I’ve just read a provocative new article by Corey Rayburn Yung entitled “The Emerging Criminal War on Sex Offenders.” The article, available here, appears at 45 Harv. C.R.-C.L. L. Rev. 435 (2010). Comparing the present political and legal landscape with the time period when President Nixon launched the War on Drugs, Yung argues that we appear close today to a “War on Sex Offenders.” He identifies three defining characteristics of a “criminal war”: a marshalling of resources against the targeted offenders, particularly at the federal level (e.g., the creation of the office of the “drug czar”); the propagation of myths about the dangers of the targeted group; and the recognition of exceptions to the normal rules of law enforcement, particularly constitutional limitations, in order to stop the targeted group.
So, how does Yung see this playing out with sex offenders?
As to the marshalling of resources, Yung argues that passage of the Adam Walsh Act in 2006 was a decisive move towards federalization of sex crime policy. Among other things, the AWA mandated uniform standards for state sex offender registries and provided for federal enforcement of registration requirements.
As to myth-making, Yung identifies the following:
- Most sex offenses are committed by strangers (in actuality, over 90 percent of molestations are committed by someone the victim knows);
- Sex offenders are incurable (in actuality, sex offenders have lower recidivism rates than non-sex offenders; the best study to date found that only about five percent of imprisoned sex offenders were rearrested for a new sex crime within three years of their release from prison);
- Convicted sex offenders are all alike (in actuality, many people required to register as sex offenders were convicted of quite minor crimes); and
- Being raped or molested is a fate worse than death.
As to exception-making, Yung focuses particularly on the AWA and other sex offender registration laws, and the way that courts have stretched the Ex Post Facto and Commerce Clauses in order to uphold the laws against constitutional challenge.
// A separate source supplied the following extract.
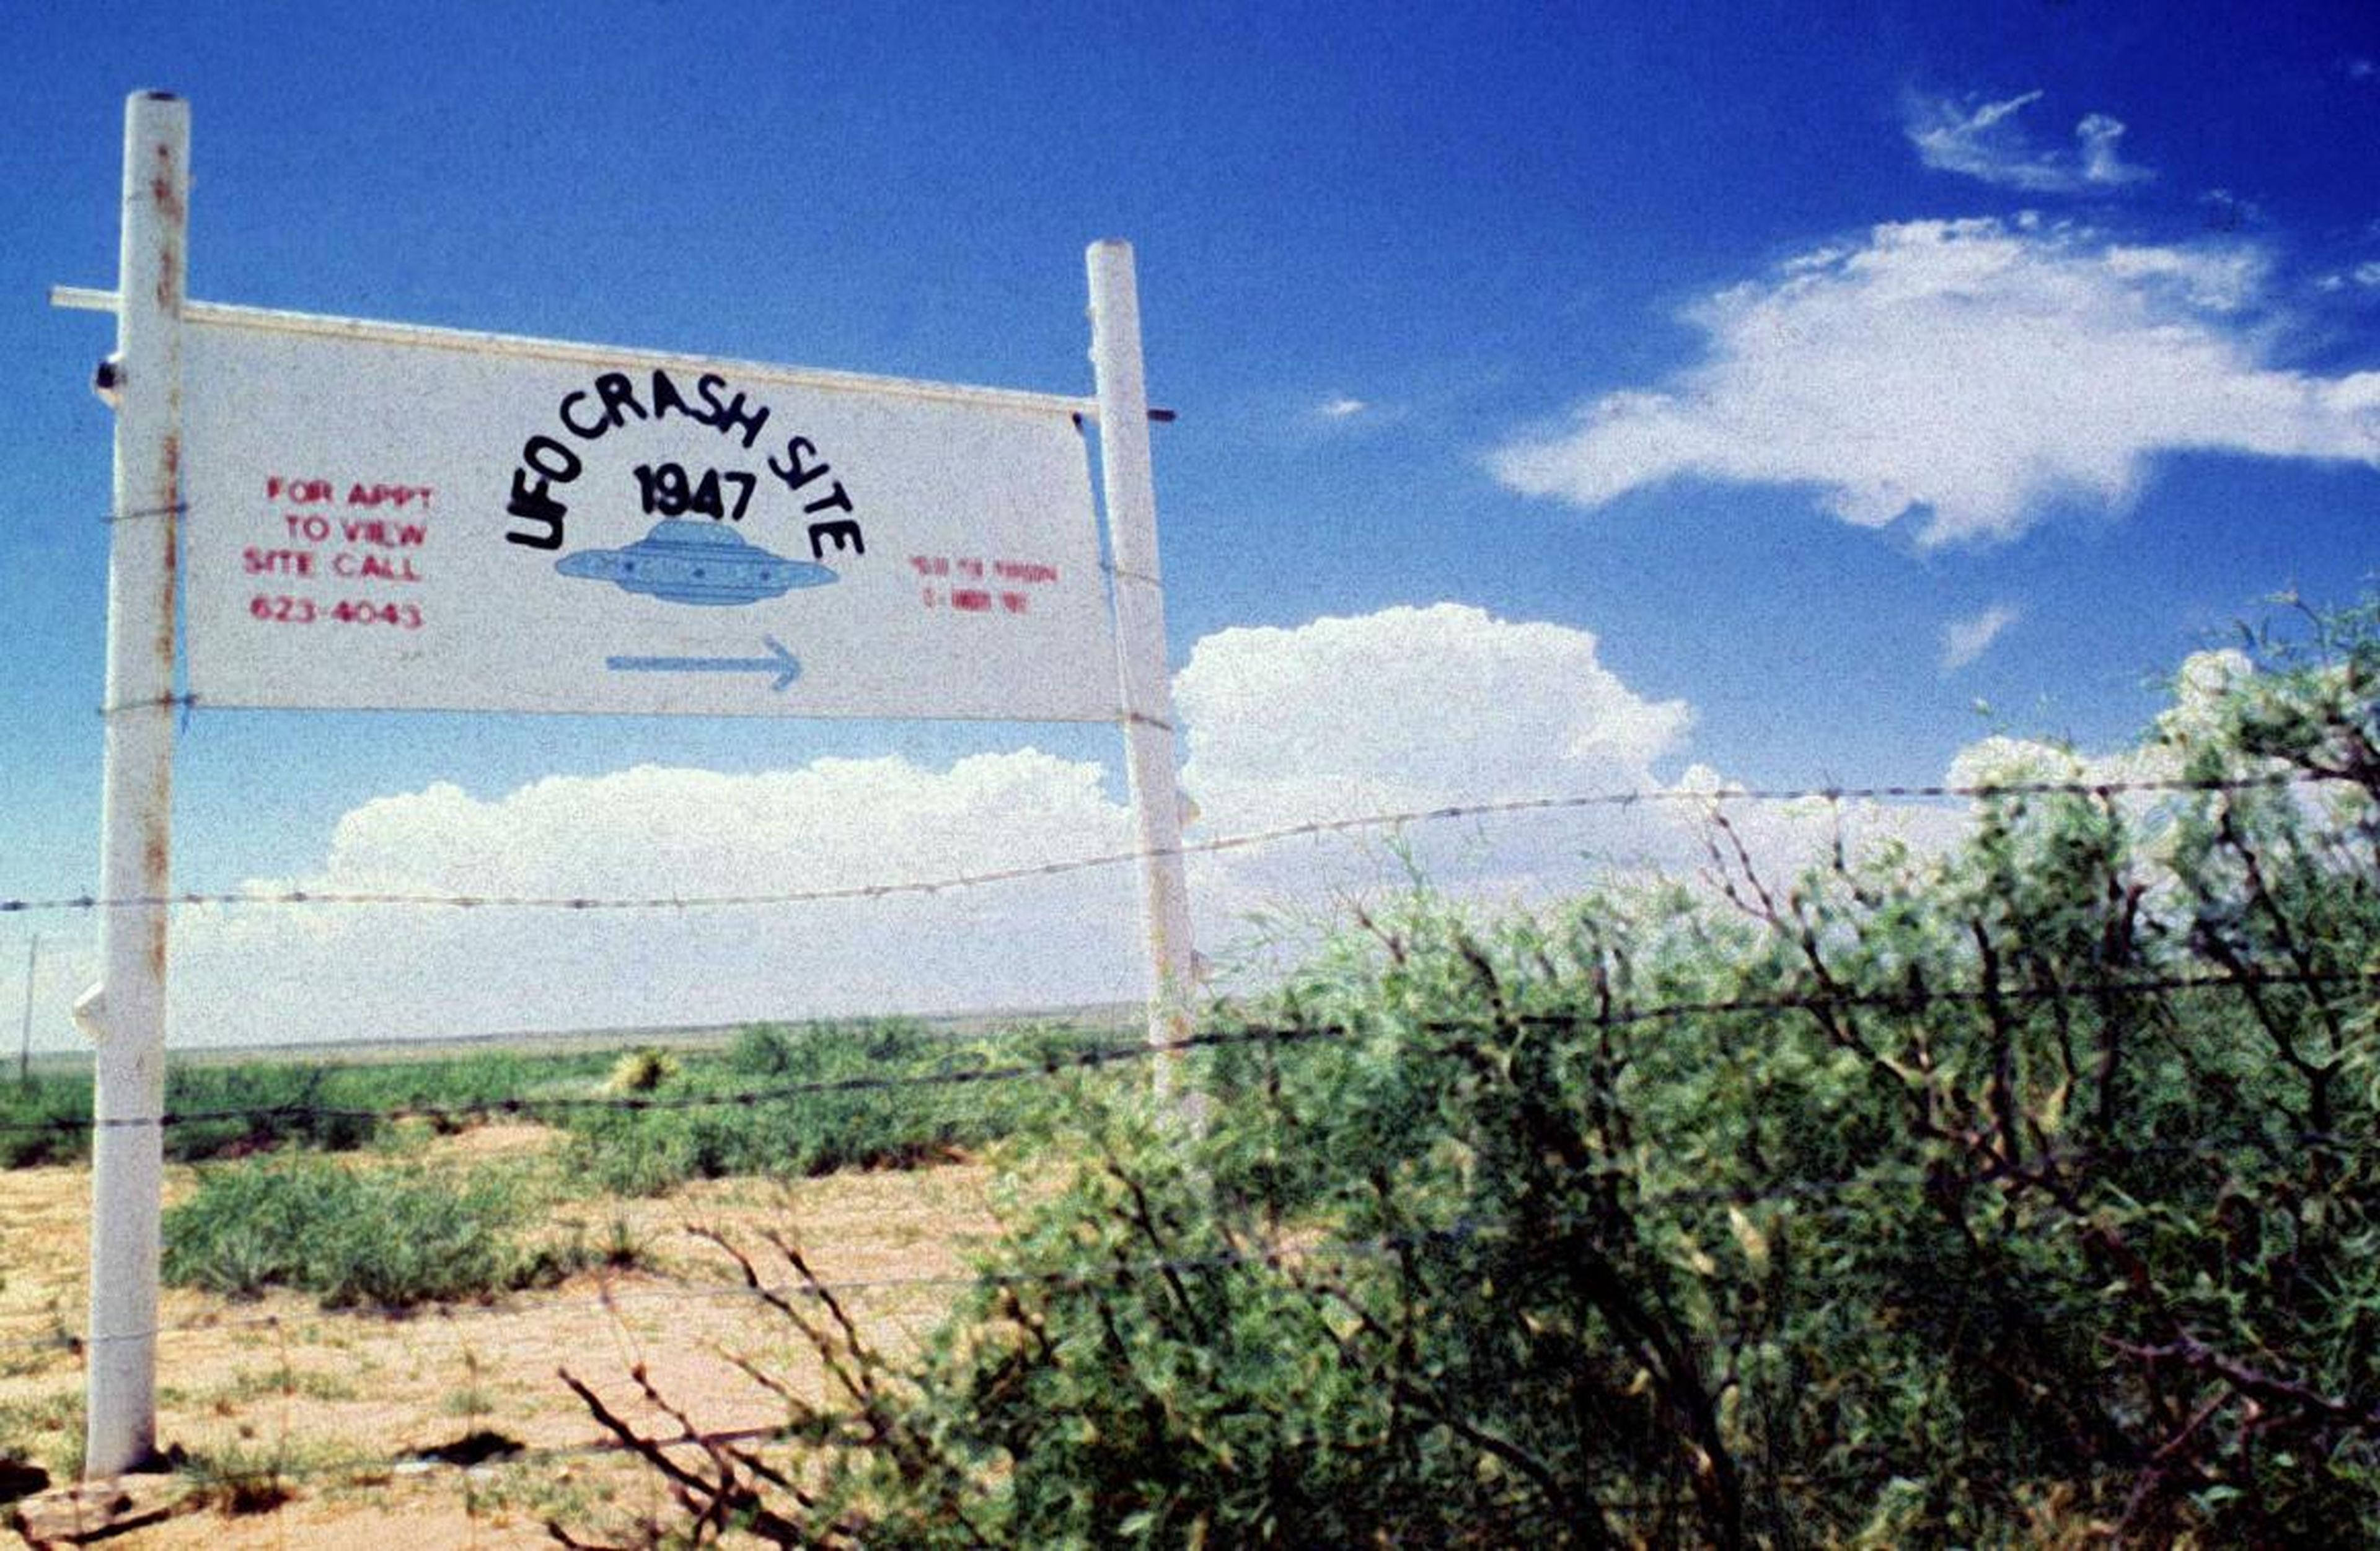 A sign north of Roswell, New Mexico, points west to the 1947 crash site.

Yung argues that the costs and apparent failure of the War on Drugs should make us cautious about declaring a War on Sex Offenders. He identifies three problems in particular with a war on criminals:
- Institutional and ideological inertia make it hard to back away from ineffective policies once “war” is declared;
- Civil liberties are eroded; and
- Widespread “collateral damage” is suffered by individuals swept up by overly broad laws or victimized by overly aggressive law enforcement practices.
Yung questions whether it is possible to abort the War on Sex Offenders, and I’m sorry to say that the possibilities he suggests do not appear very promising to me. He argues that courts could raise insurmountable obstacles to a federally led War on Sex Offenders by enforcing Ex Post Facto and Commerce Clause limitations more rigorously. He also suggests that states might opt out of the War, as some states have already chosen not to comply fully with the costly AWA requirements. Finally, he suggests that if judges were given more discretion in sentencing sex offenders, their cases might be handled in a more restrained manner. All of these “solutions,” however, presuppose that judges or state-level officials are considerably less prone to the sex-offender mythology (and, I would add to Yung’s analysis, to the particular visceral revulsion associated with sex crimes) than is the general public. I don’t see much basis for optimism on that front.